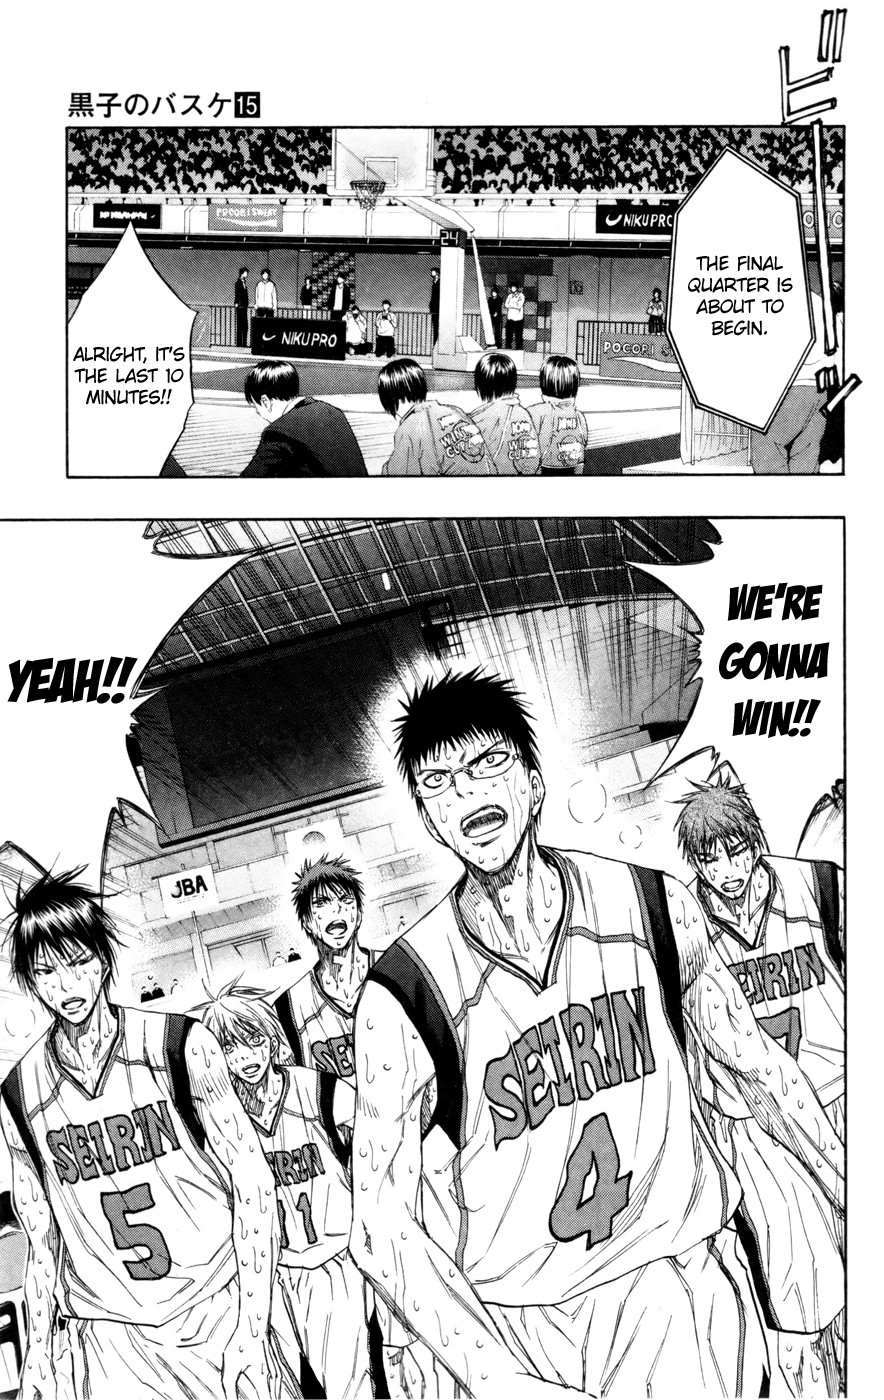 Kuroko no Basket Manga Chapter 130 - Image 10
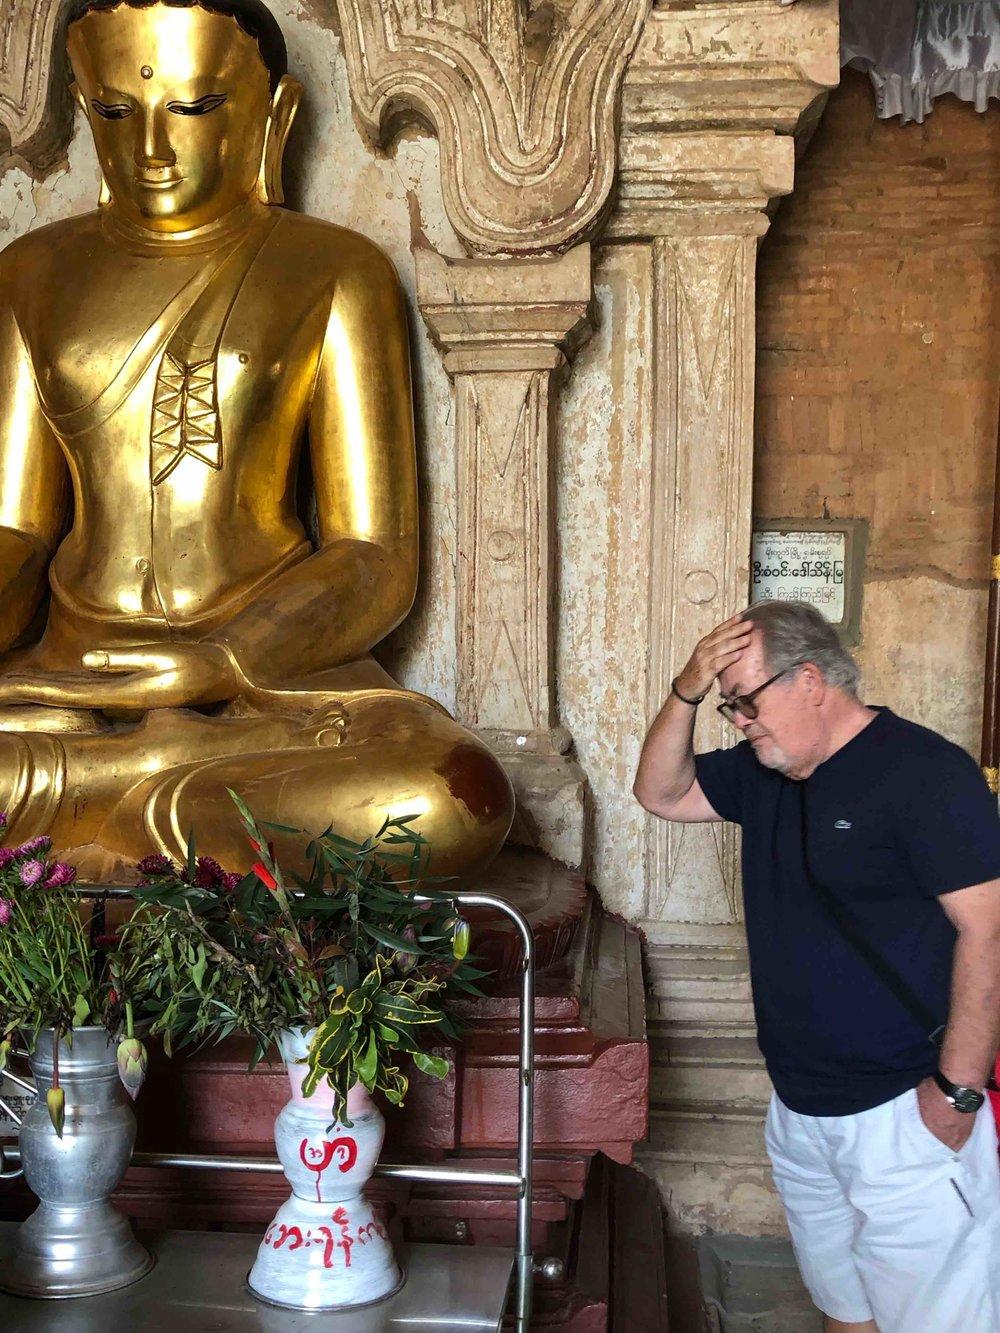 Rubbing Buddha for good luck
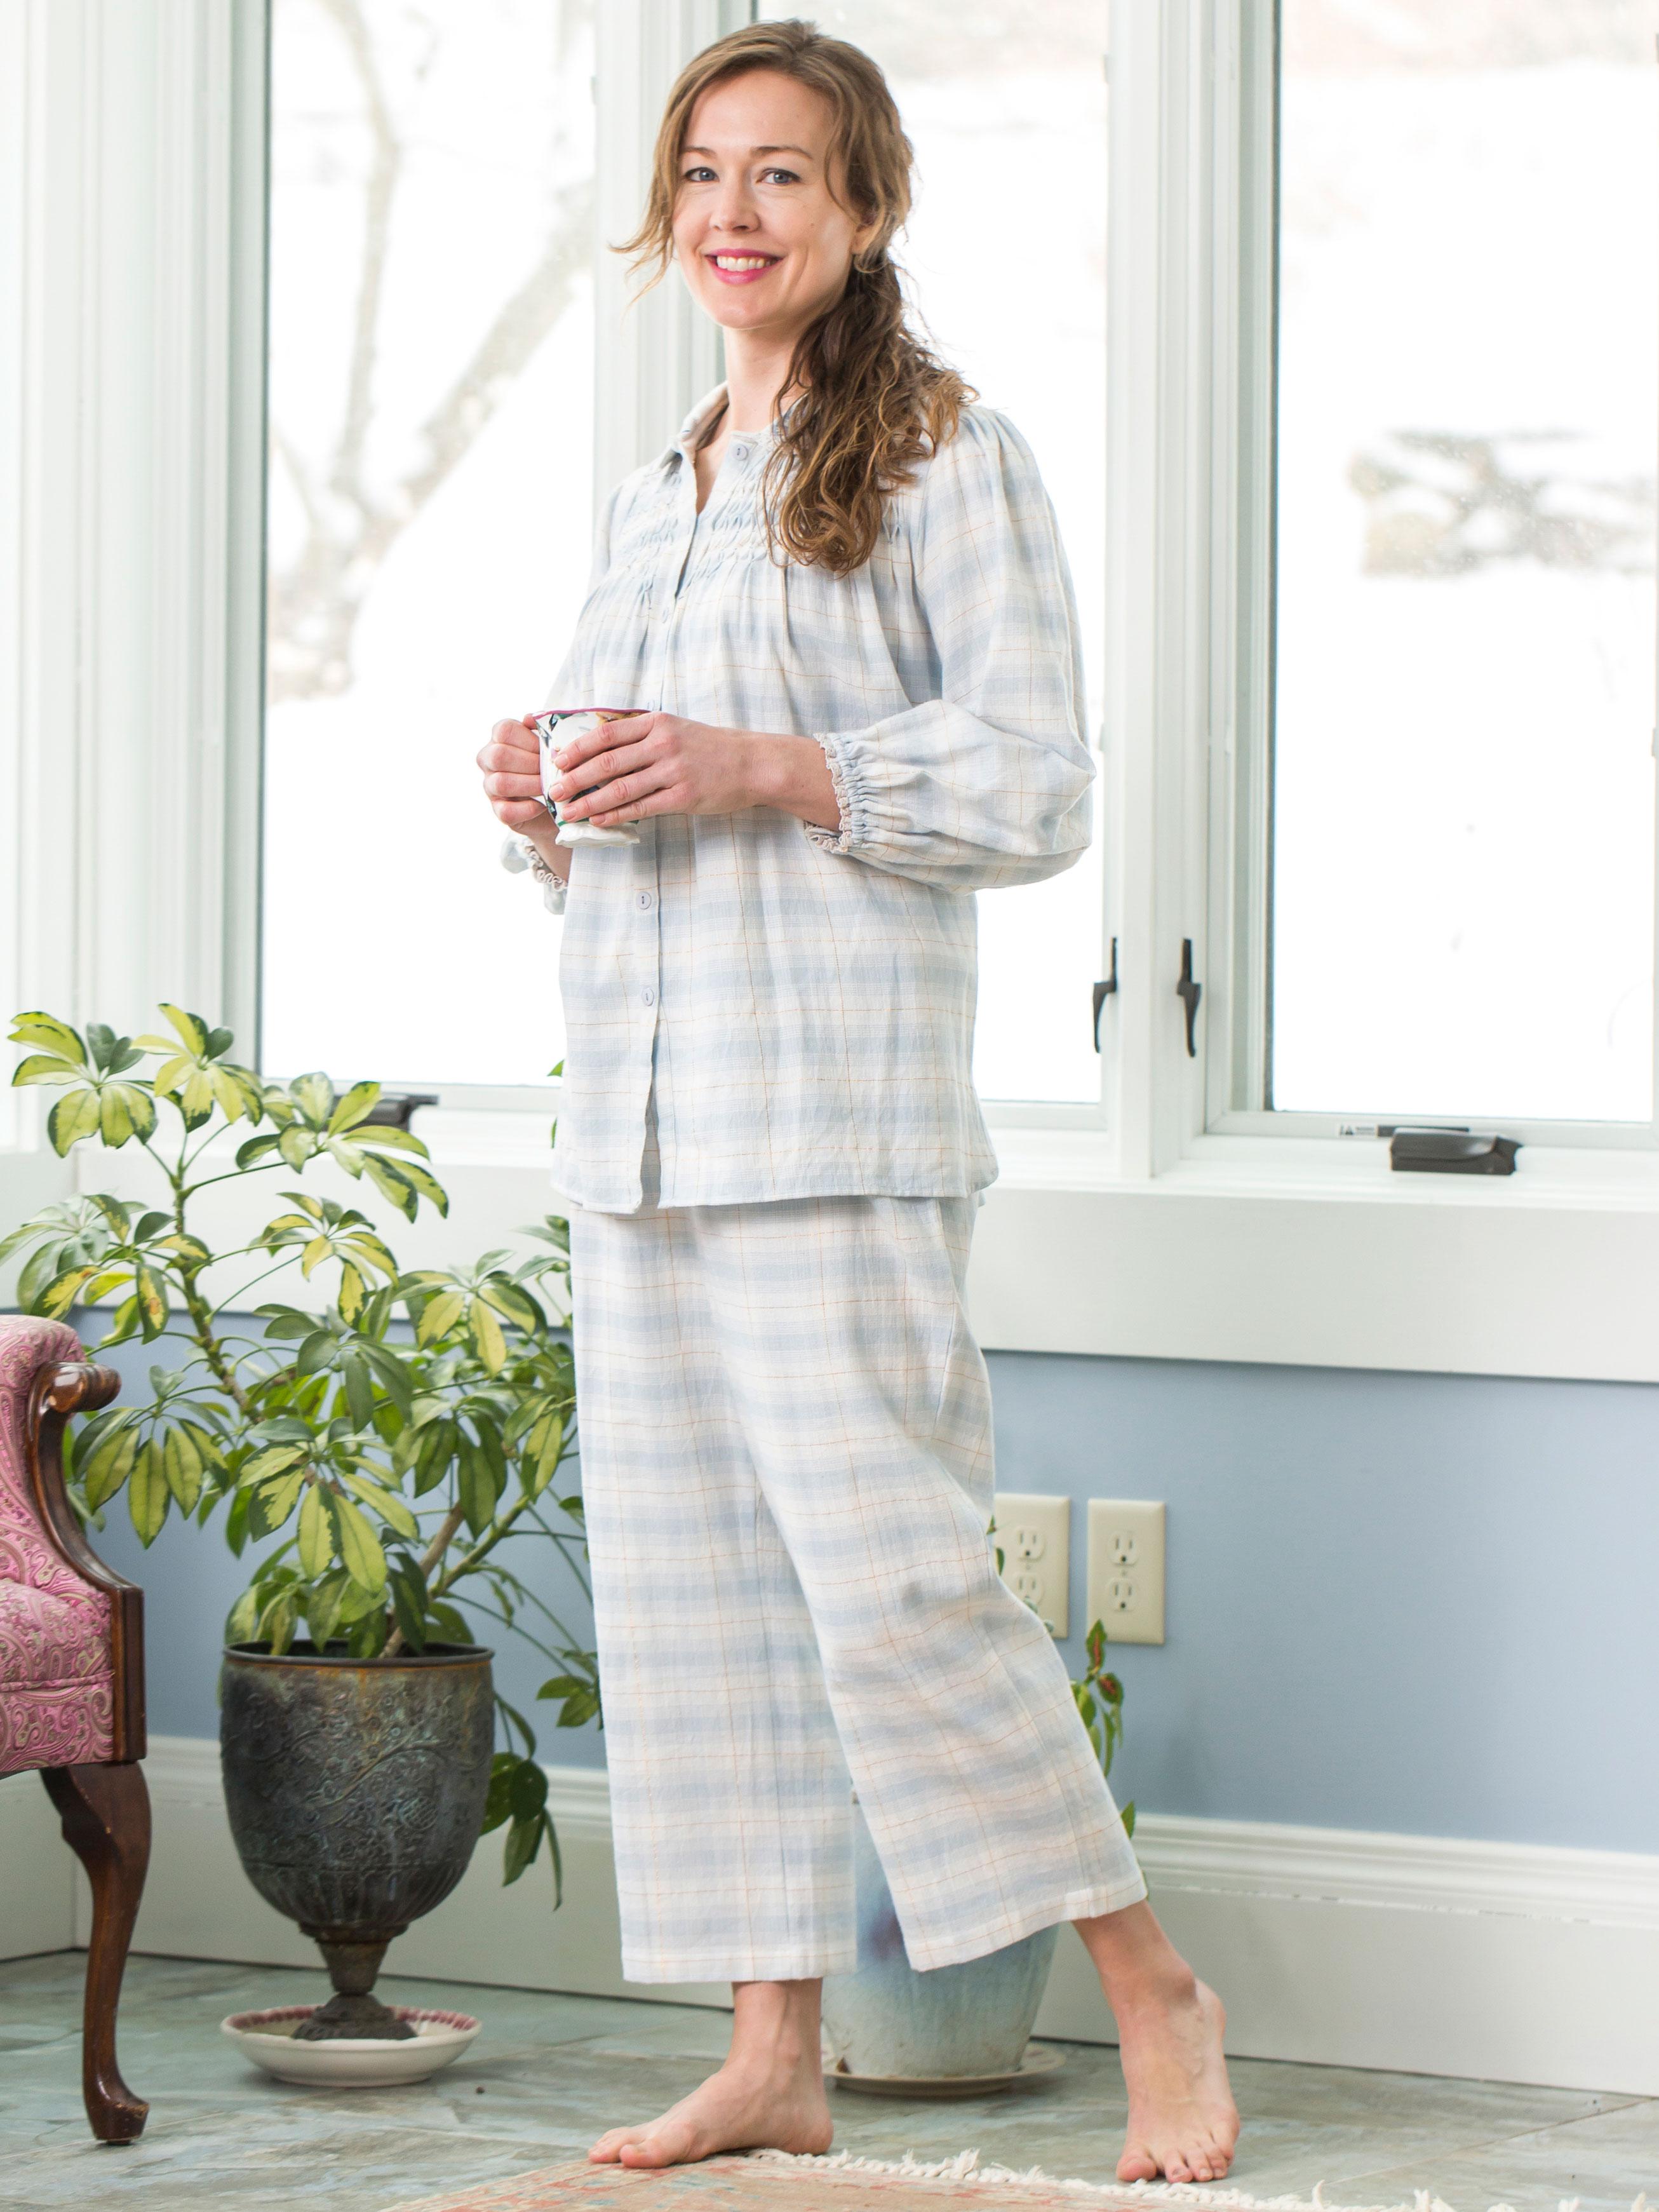 letts cuello cotton blue comfortable villela pijama pajama twill pajamas mao neckline dream most t en comforter celeste delantero light

==================================================

EXERCISE PROMPT — Hand back exactly the lines from the one with "Rubbing Buddha for good luck" through the last line of the data above, both ends included, with every picture left out.

ANSWER BOX —
 Rubbing Buddha for good luck
 letts cuello cotton blue comfortable villela pijama pajama twill pajamas mao neckline dream most t en comforter celeste delantero light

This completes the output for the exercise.